The fourth of 11 children, Fr. Pat was born in Glenolden, Pa., a suburb of Philadelphia, on St. Patrick’s Day, 1942. His father, William, was a cabinet-maker while his mother, Margaret (née Dougherty), was a homemaker and devout Catholic.

While he was a student at St. Agnes School in West Chester, Pa., Fr. Pat received an invitation from the Priests of the Sacred Heart to attend Divine Heart Seminary located in Dinaldson, Ind.

“I was always interested in being a priest,” Fr. Pat said. “At the high school seminary, you’re exploring the possibilities. It’s a process of looking at the choices.”

Also known as the Dehonians, or by the initials S.C.I. or S.C.J., the Priests of the Sacred Heart is a religious congregation of priests, founded in Saint-Quentin, Aisne, by Léon Dehon in 1878. His dream was to establish a religious community of men committed to continuing Christ’s work of rebuilding the world into God’s kingdom of justice and love.

The message appealed to Fr. Pat, who continued his studies as a novitiate in Ste. Marie. Ill.  He completed his bachelor of arts degree at Kilroe Seminary, Honesdale, Pa. and was ordained in 1969 at Sacred Heart Monastery in Hales Corners, Wis.

The next two decades were spent in various religious settings, largely split among schools and churches.

Fr. Pat first returned to his high school seminary, serving as teacher and vocation recruiter at Divine Heart. From there, he began a long association with various Native American reservations, working as chaplain and residence director at St. Joseph’s Indian School and pastor at St. Mary Parish located on the Lower Brule Indian Reservation in central South Dakota.

While on the reservation, Fr. Pat was instrumental in building the new church. “It’s still standing,” he said.

After four years, Fr. Pat moved to a very different sort of community, assigned to St. Matthew Parish, a 2,000-family congregation in Houston, Texas. He remained there for five years.

“It was like night and day, one extreme to the other,” he says.

In later years, the priest served two stints at Christ the King Church in Southaven, Miss., where he helped the rapidly-growing parish construct a large church. He returned as chaplain to St. Joseph’s Indian School, and assisted with the care of retired priests and brothers at the Sacred Heart Monastery in Hales Corners, in addition to his duties at Holy Rosary Parish in New Holstein, and, most recently, the Four Parish Catholic Family.

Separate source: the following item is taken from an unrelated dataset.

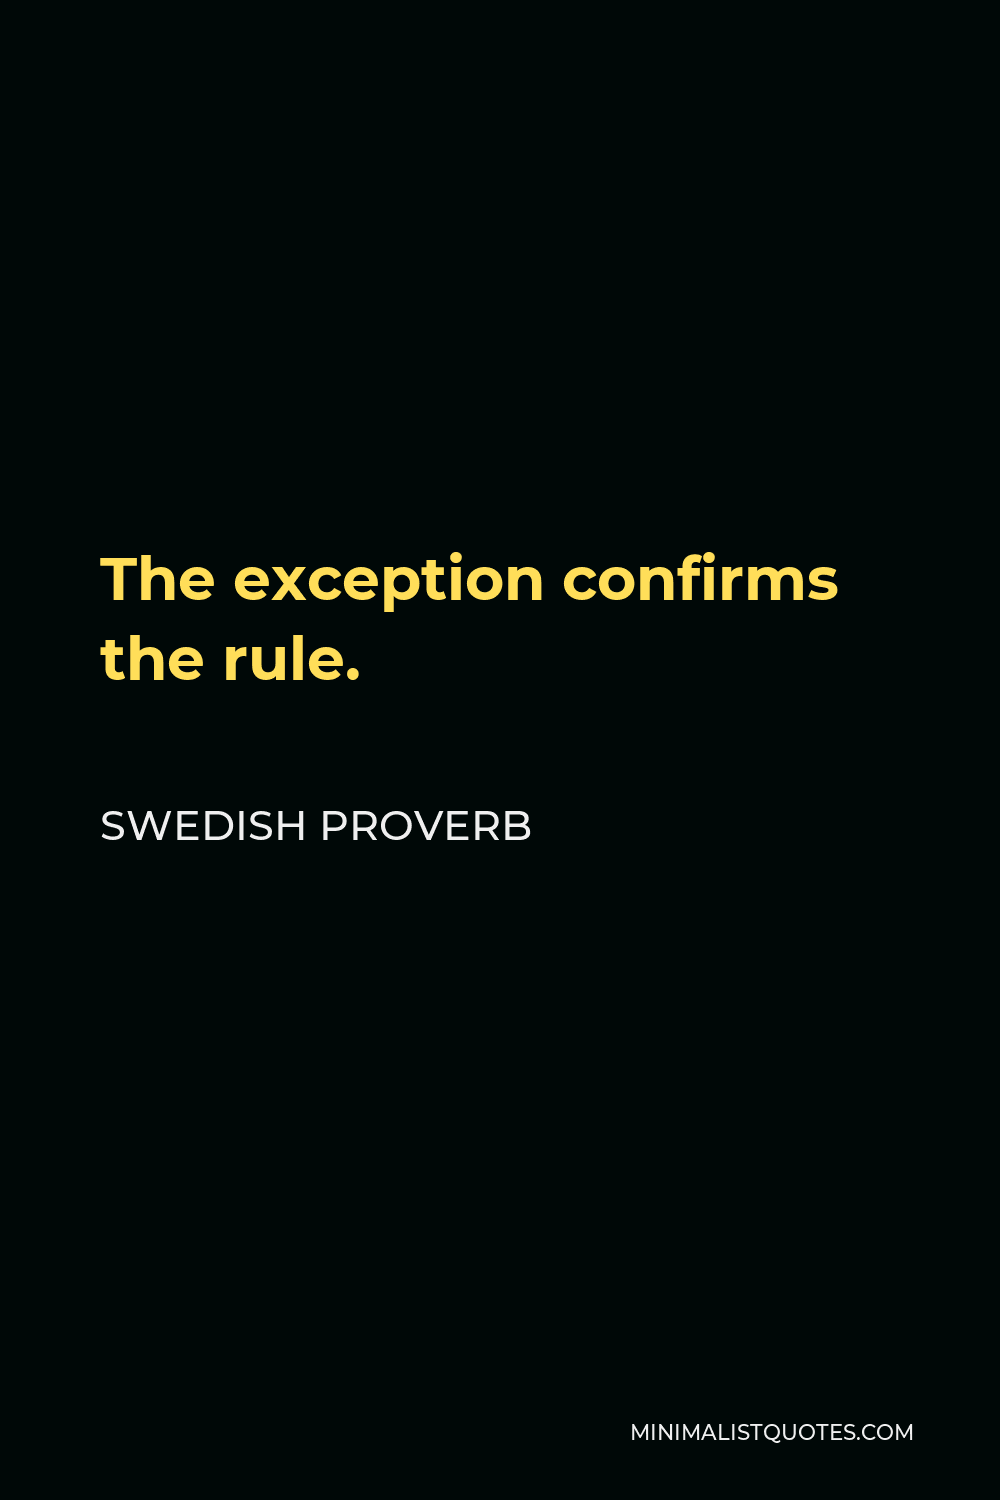 Swedish Proverb Quote - The exception confirms the rule.

The widely divergent mix of assignments has given him a unique perspective, he said, including the many differences between Native American and more traditional white congregations.

“On the reservations, you see the effects of poverty and alcoholism plus prejudice, isolation and harsh weather,” he says. “Their needs are much more difficult than the suburbanites.”

“But the Indian people are good people,” Fr. Pat stresses. “They all have extended families, usually led by a grandmother, and are very supportive of one another.”

He has kind words for the Green Bay Diocese as well.

“I am appreciative to the diocese for allowing me to come in and be part of the ministry,” he says. “I have been well-impressed. They are a wonderful group of priests, very prayerful and dedicated.”

There will be many things he will miss about active ministry.

“Celebrating Mass with the people is an experience of community of faith and communion with God and Christ,” Fr. Pat says. “Within the church, there is nothing all parishioners have in common but shared faith. That is what holds them together.”

Following retirement, Fr. Pat will be based at Pinellas Park, Fla., home to a Priests of the Sacred Heart community of about 10 members.

“We will share life in common, prayer, Mass and adoration,” he said. “It’s our calling to be men of prayer, reflective and contemplative.”

And after a lifetime serving the Lord through churches and schools, in suburban churches, small parishes and on Native American reservations, he hopes to catch up on his reading, tackling St. John Paul II’s massive “Theology of the Body.”

He has other plans as well. “I might go fishing too,” he says.